» Dataset section
═══
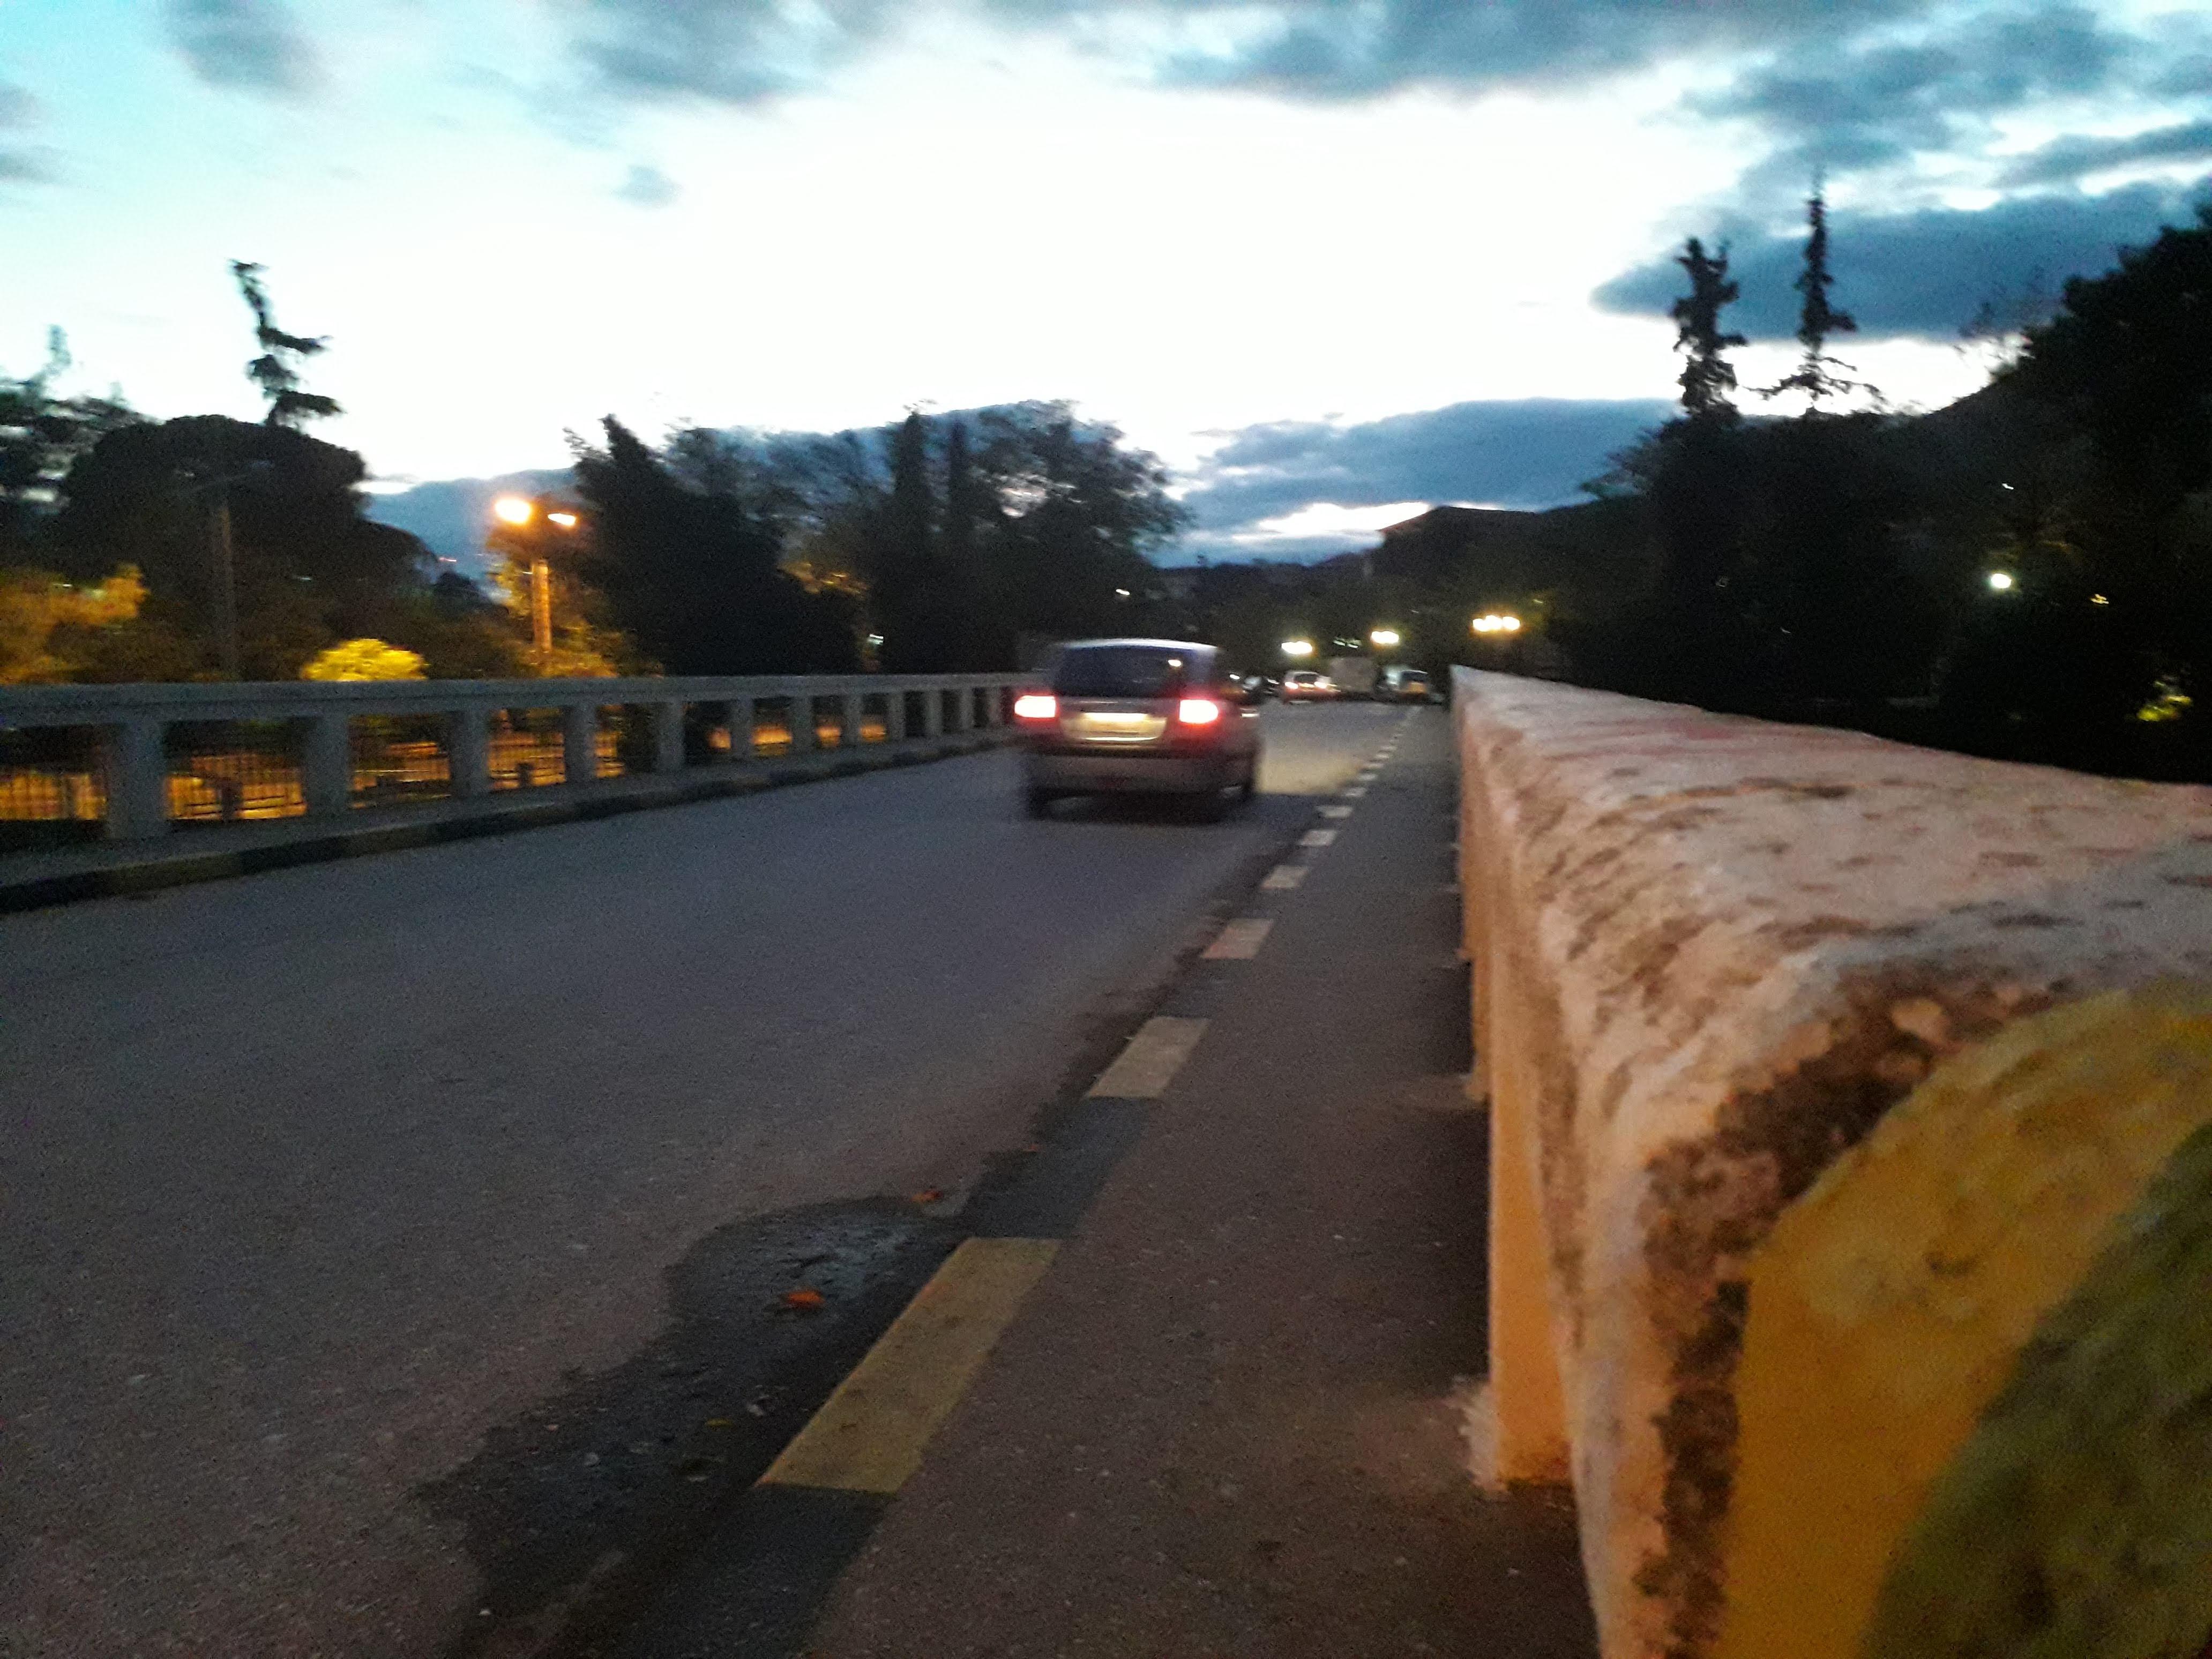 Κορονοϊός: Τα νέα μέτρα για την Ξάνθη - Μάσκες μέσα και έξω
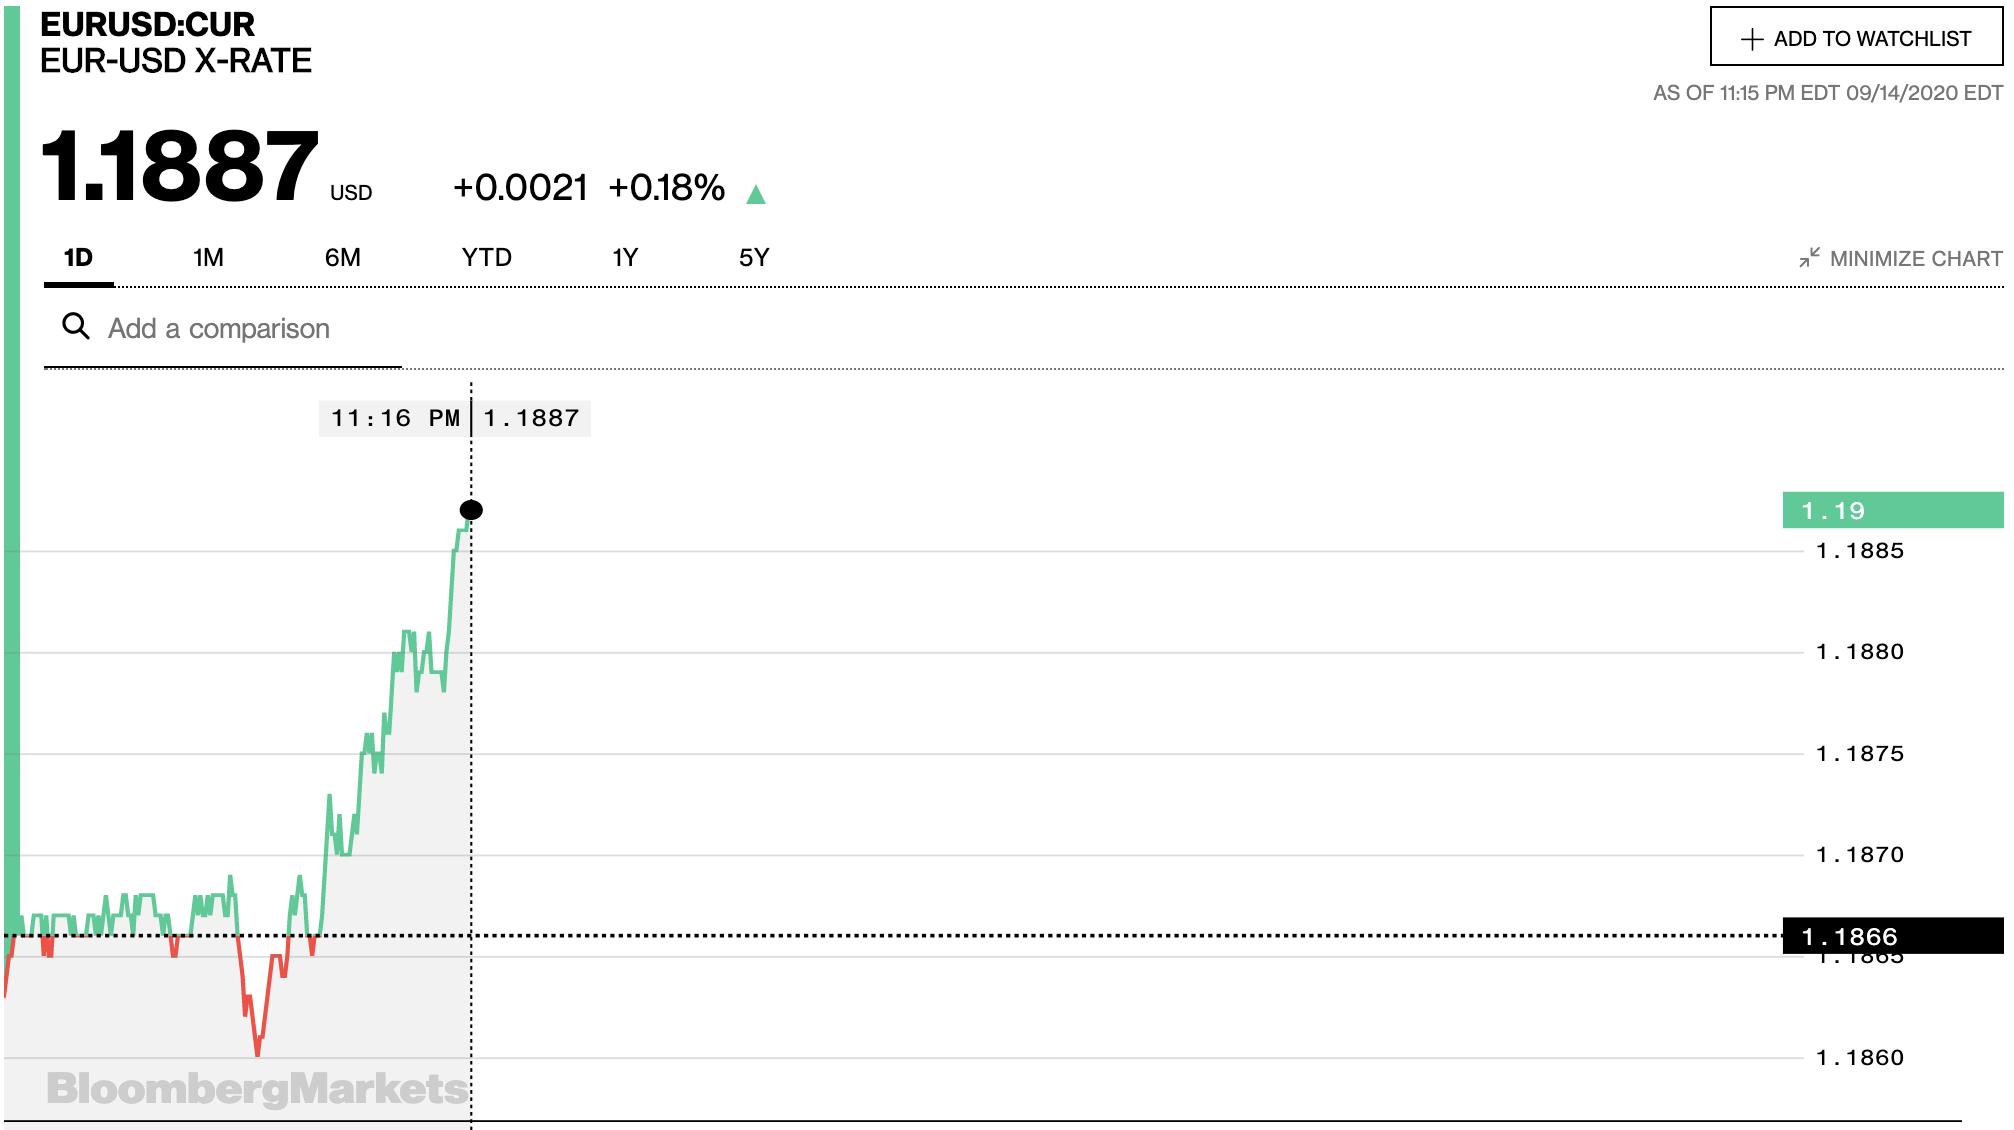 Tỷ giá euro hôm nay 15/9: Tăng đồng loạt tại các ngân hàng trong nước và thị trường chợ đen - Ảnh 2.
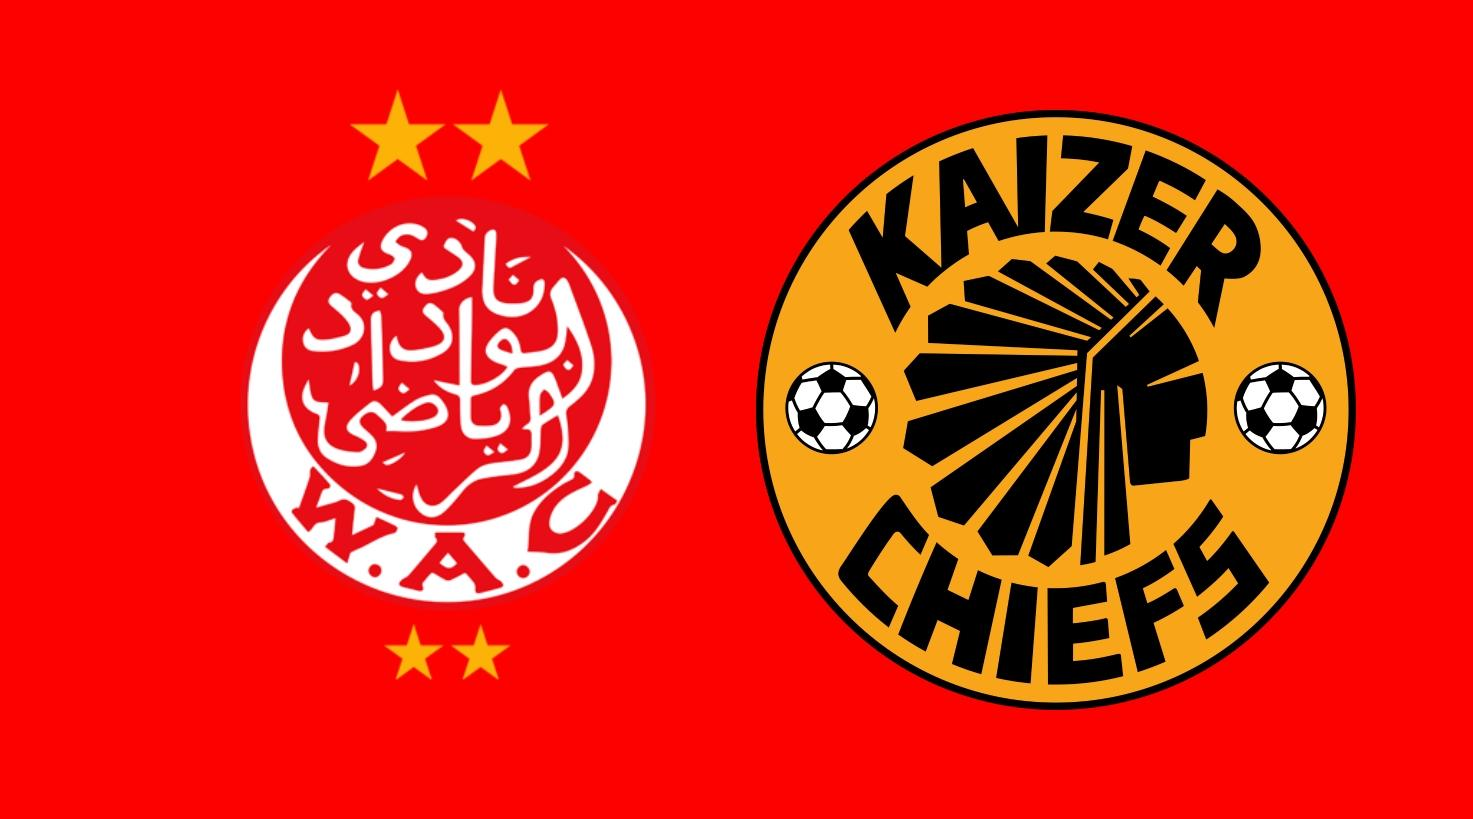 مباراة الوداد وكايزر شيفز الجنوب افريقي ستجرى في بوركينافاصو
═══
» The task
Line by line, reproduce the material above exactly, leaving each picture out.

» Result
 Κορονοϊός: Τα νέα μέτρα για την Ξάνθη - Μάσκες μέσα και έξω
 Tỷ giá euro hôm nay 15/9: Tăng đồng loạt tại các ngân hàng trong nước và thị trường chợ đen - Ảnh 2.
 مباراة الوداد وكايزر شيفز الجنوب افريقي ستجرى في بوركينافاصو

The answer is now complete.